### GIVEN INFORMATION:
━━━━━━━━━━━━━━━━
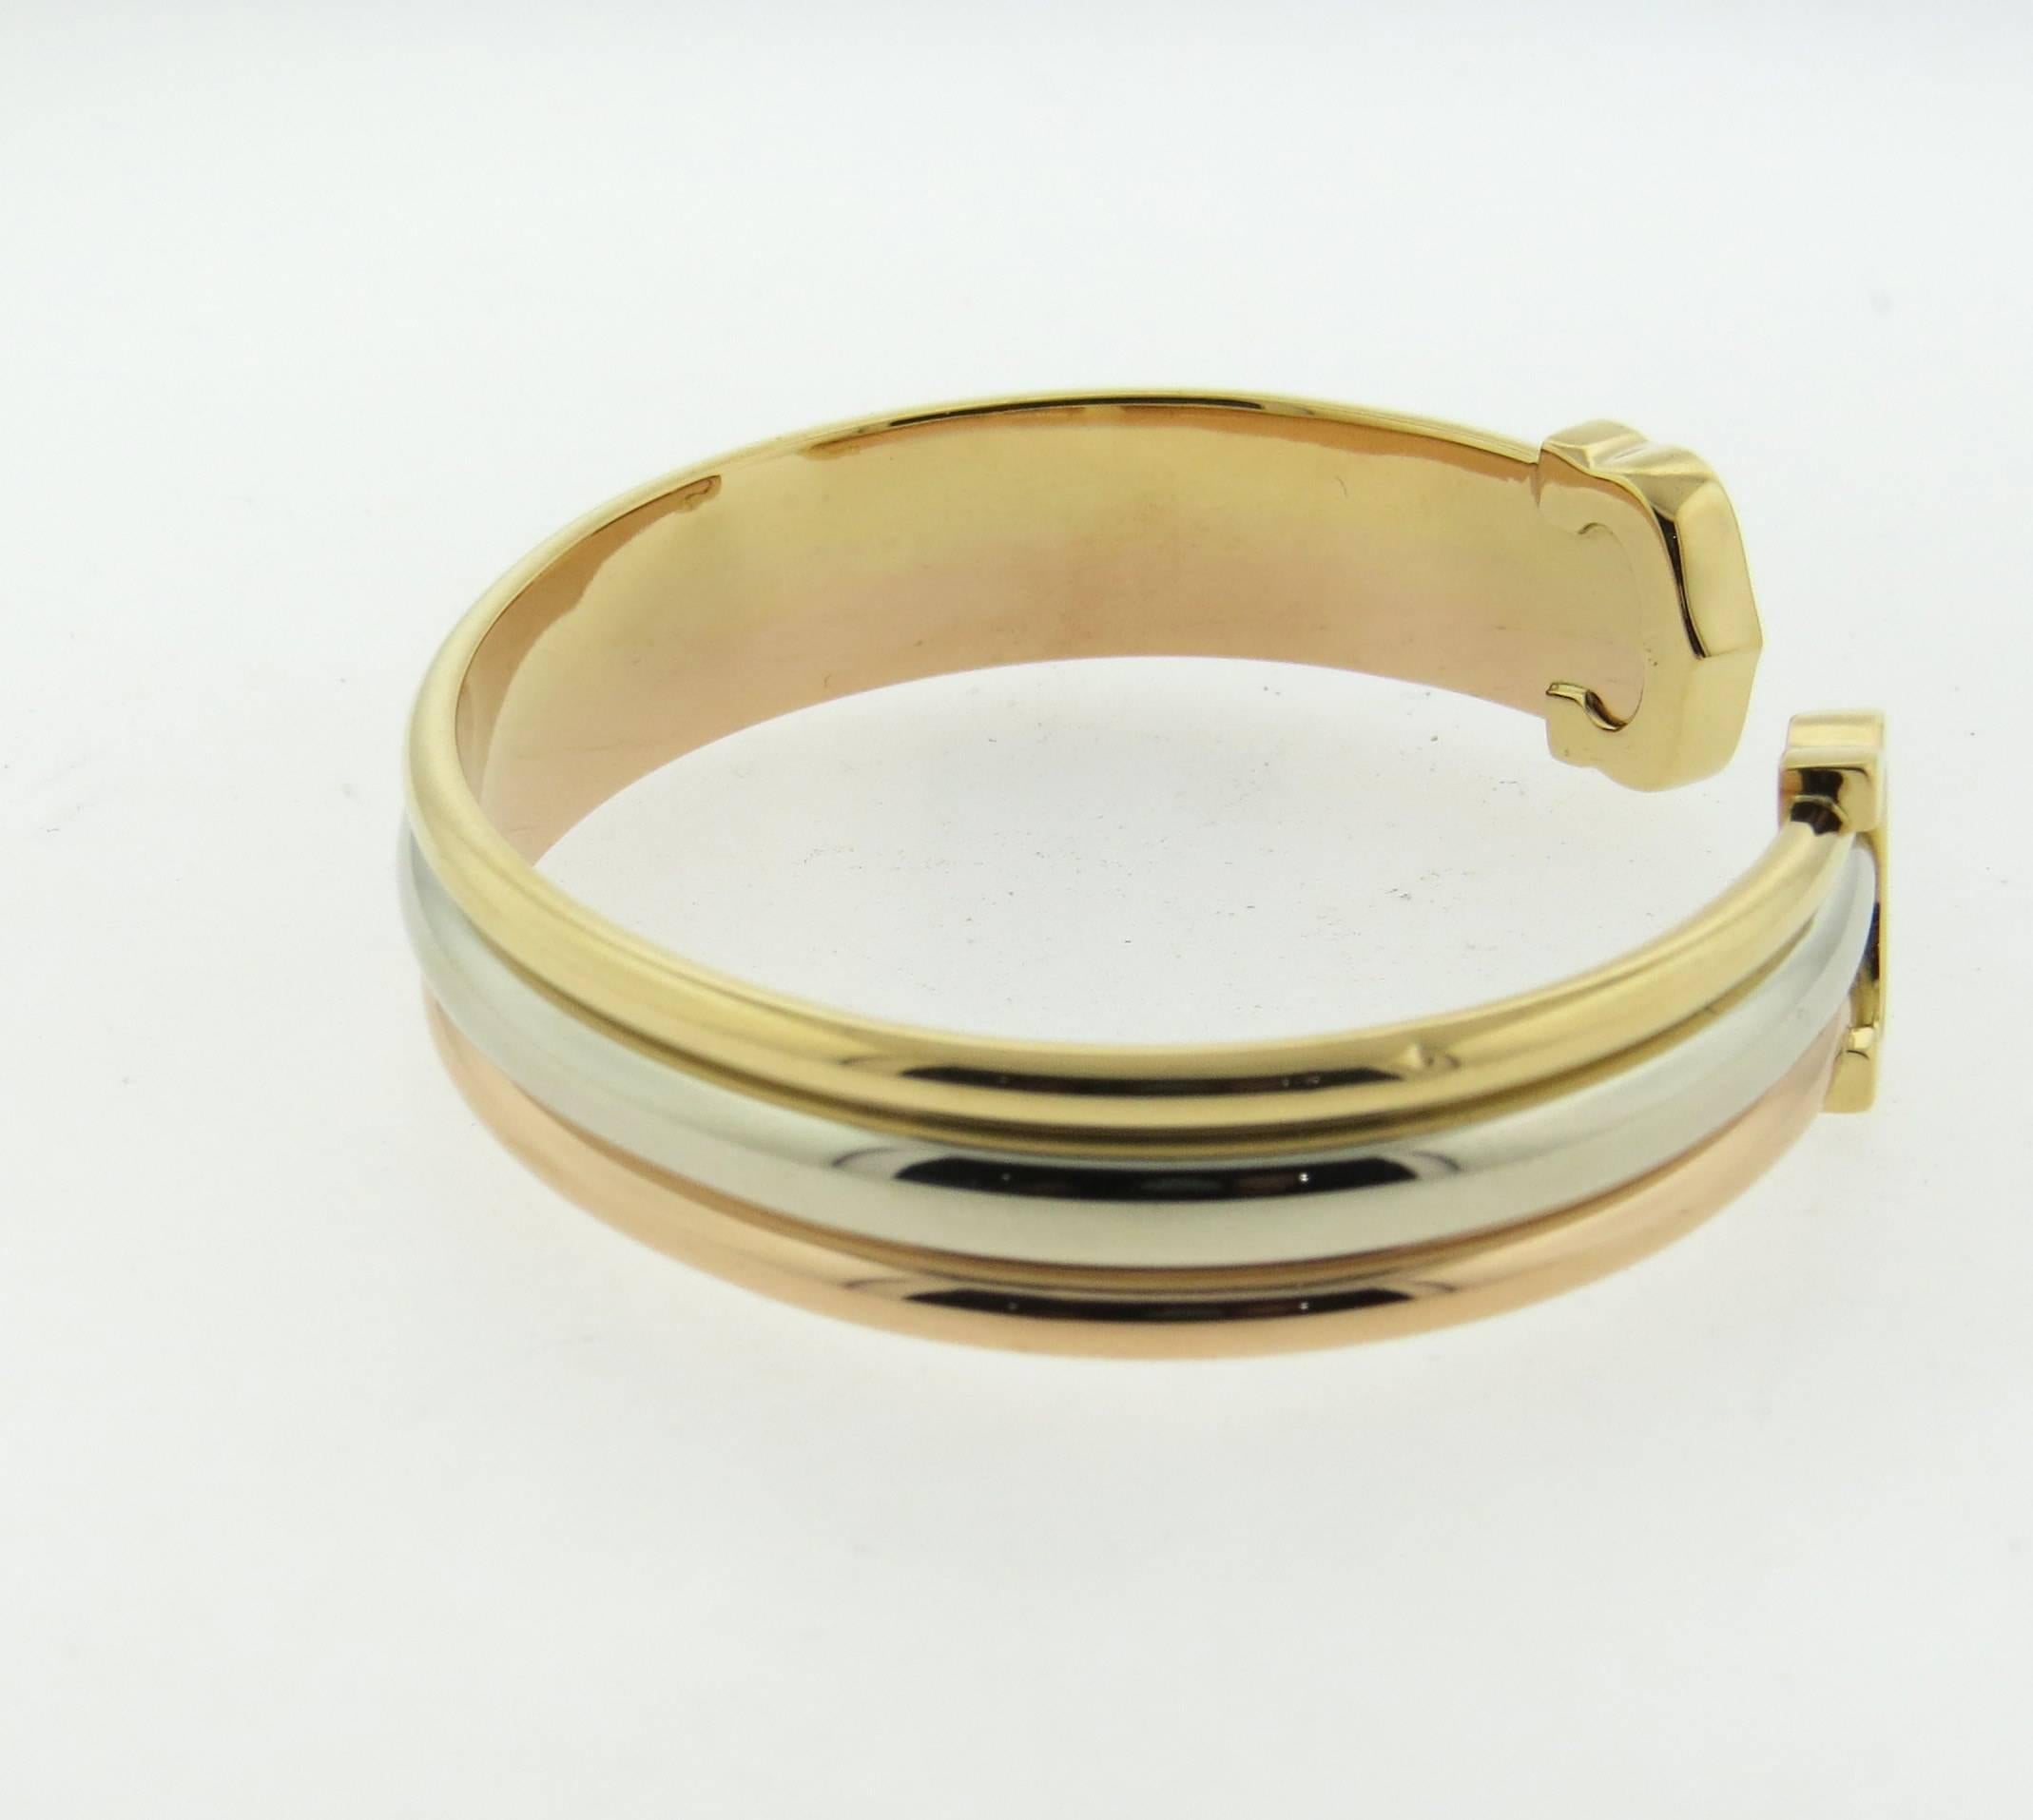 Classic Trinity 18k tri color gold open cuff bracelet, crafted by Cartier, featuring two C's. Bracelet will fit up to 7
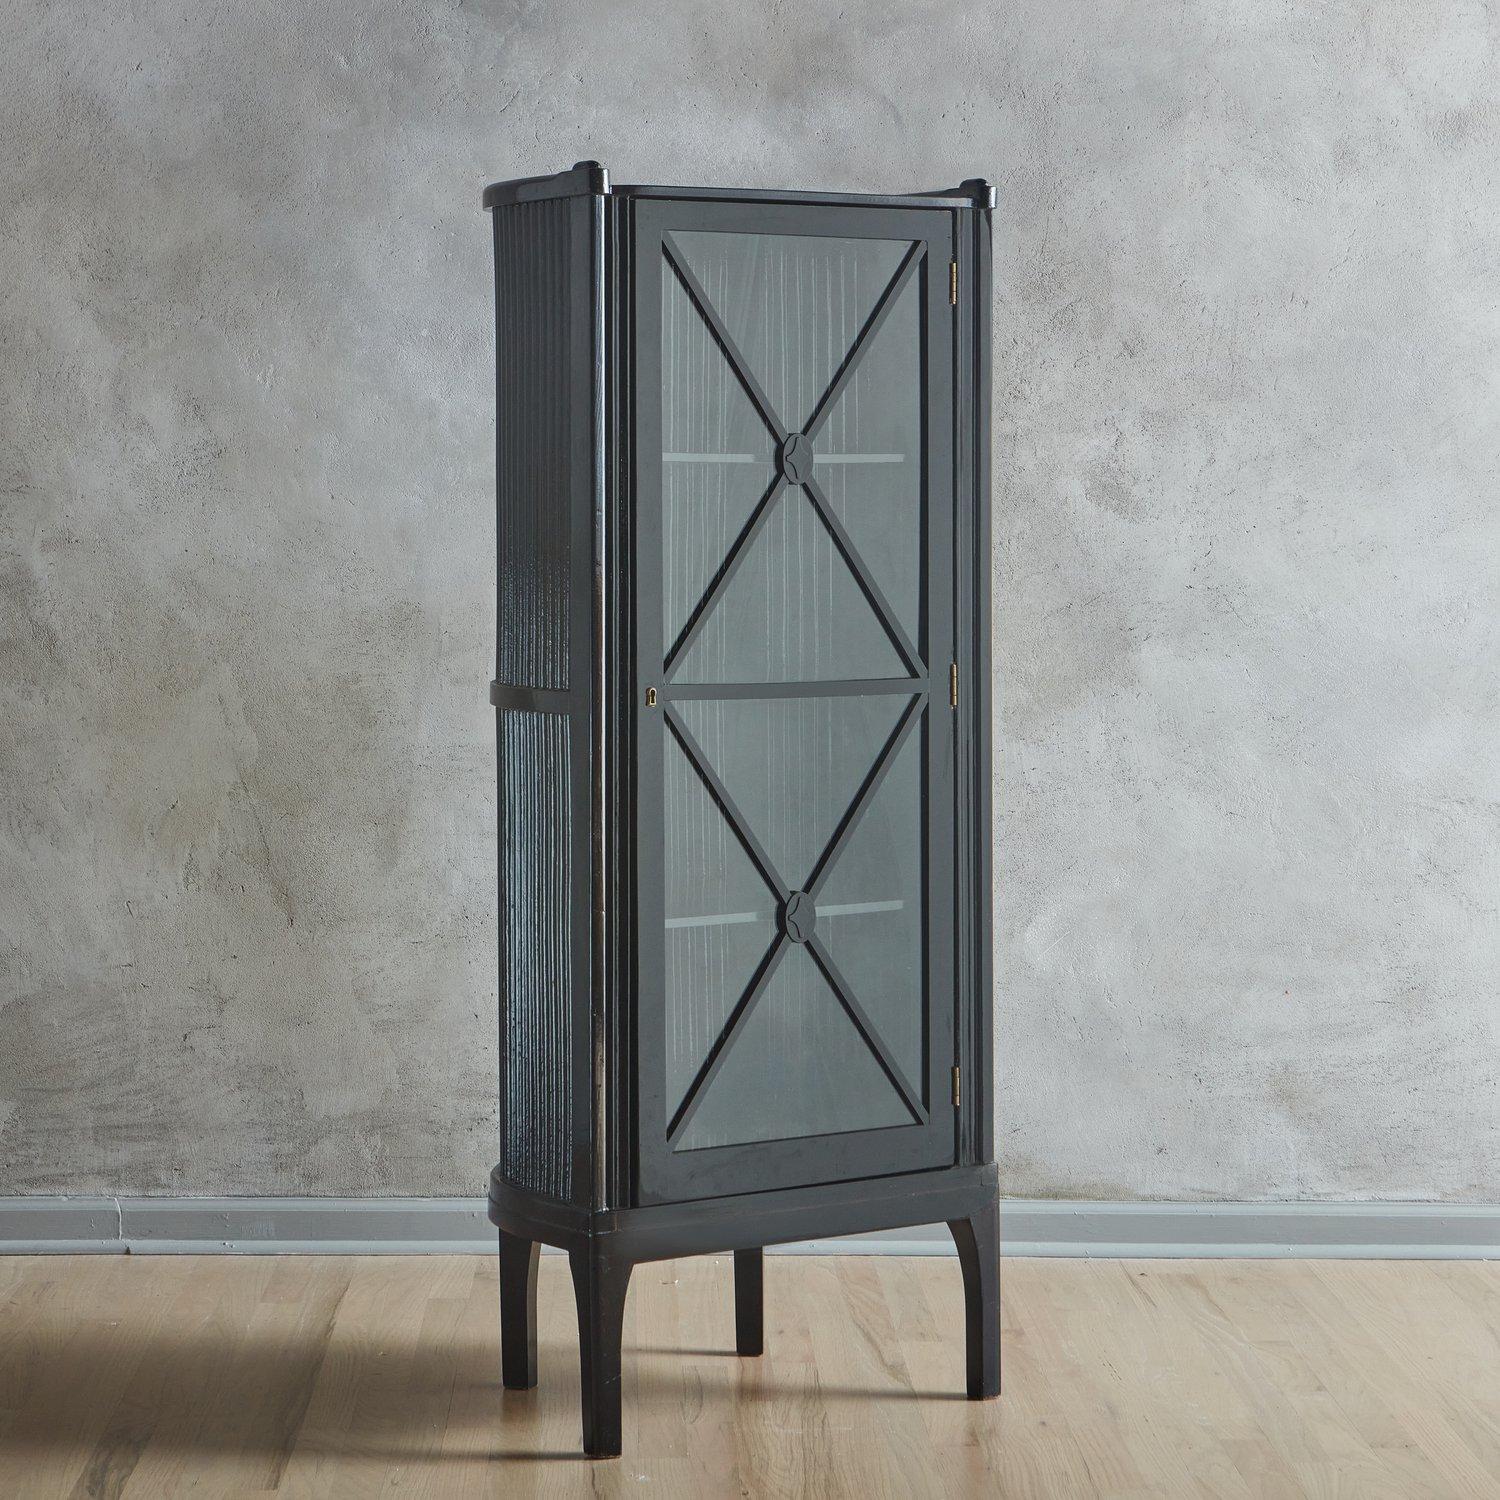 An early 20th Century cabinet designed by Hans Gunther Reinstein featuring a black lacquered wood frame with a fluted barrel back. This elegant piece has a hinged glass door with two shelves and stands on tall block legs. Retains partial ‘Ellmauer
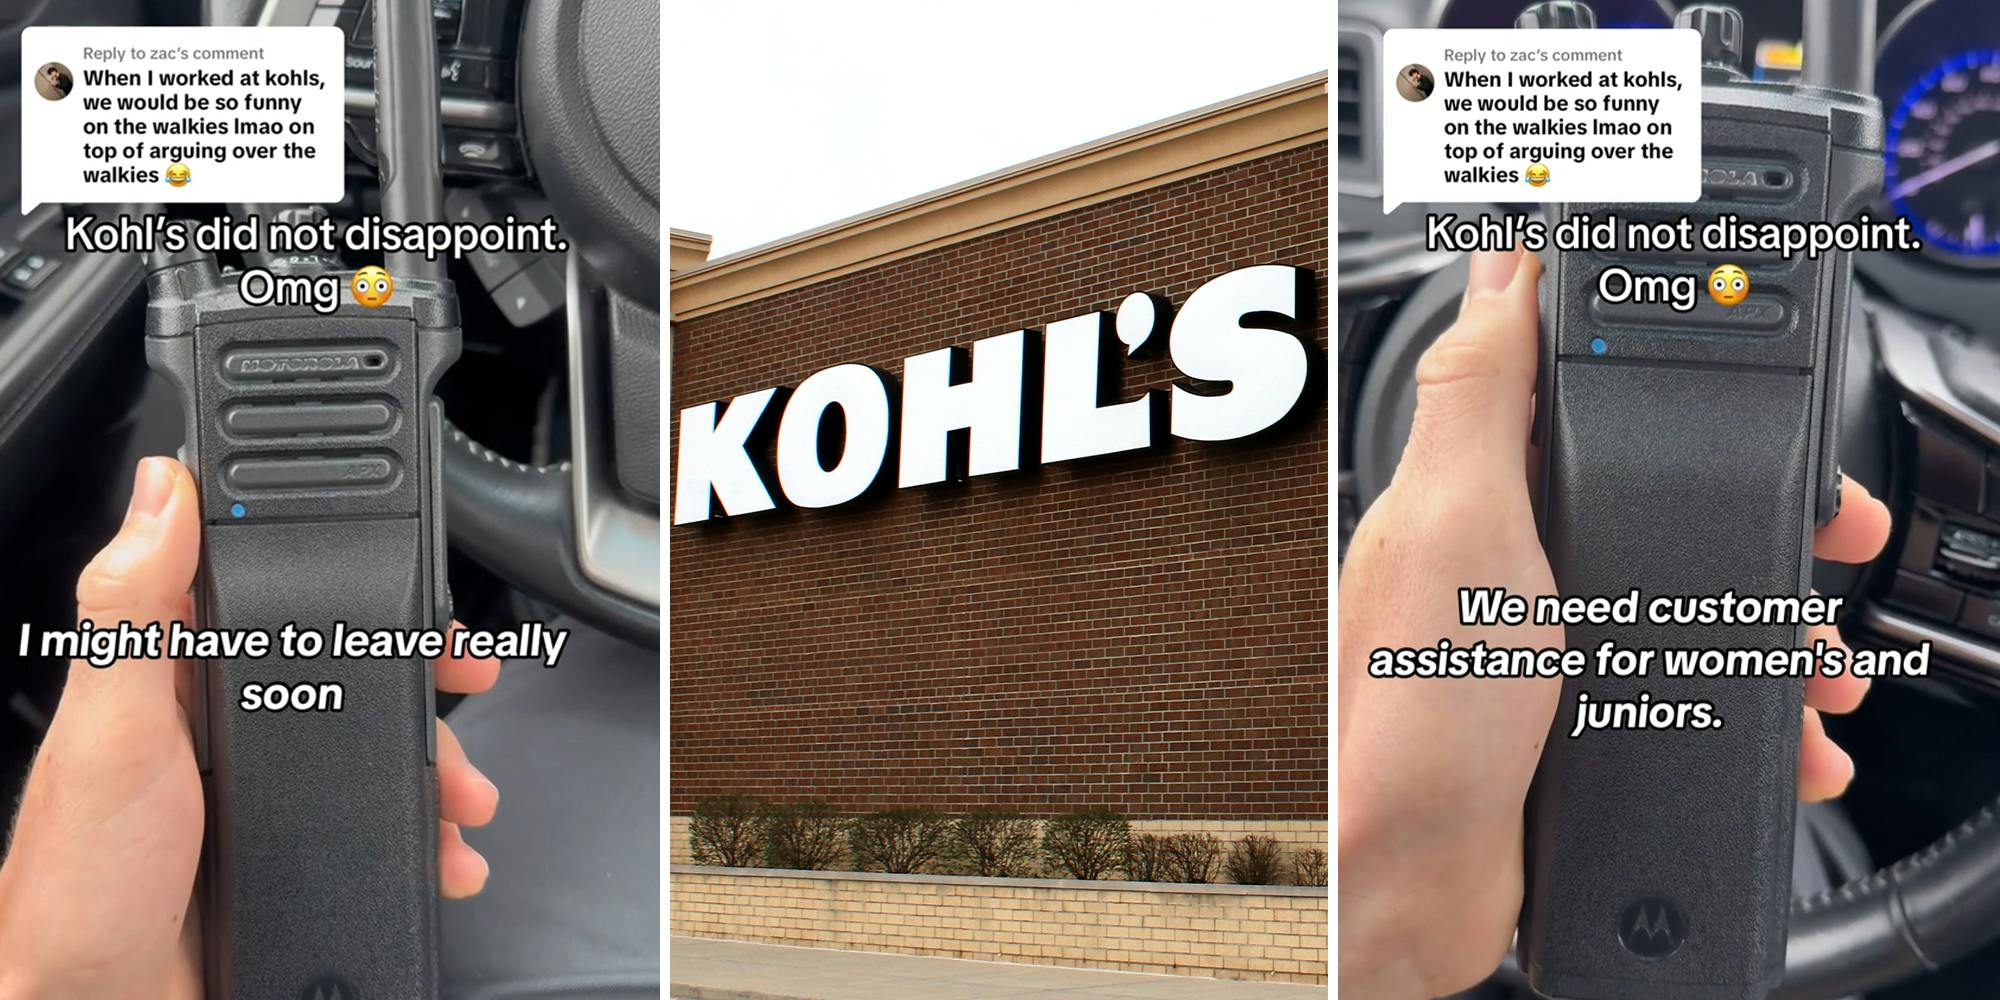 Customer uses walkie to eavesdrop on Kohl’s employees talking about their co-workers
━━━━━━━━━━━━━━━━
### WORK ORDER:
Without including any pictures, reproduce the listing exactly.

### SOLUTION TO THIS PROBLEM:
 Classic Trinity 18k tri color gold open cuff bracelet, crafted by Cartier, featuring two C's. Bracelet will fit up to 7
 An early 20th Century cabinet designed by Hans Gunther Reinstein featuring a black lacquered wood frame with a fluted barrel back. This elegant piece has a hinged glass door with two shelves and stands on tall block legs. Retains partial ‘Ellmauer
 Customer uses walkie to eavesdrop on Kohl’s employees talking about their co-workers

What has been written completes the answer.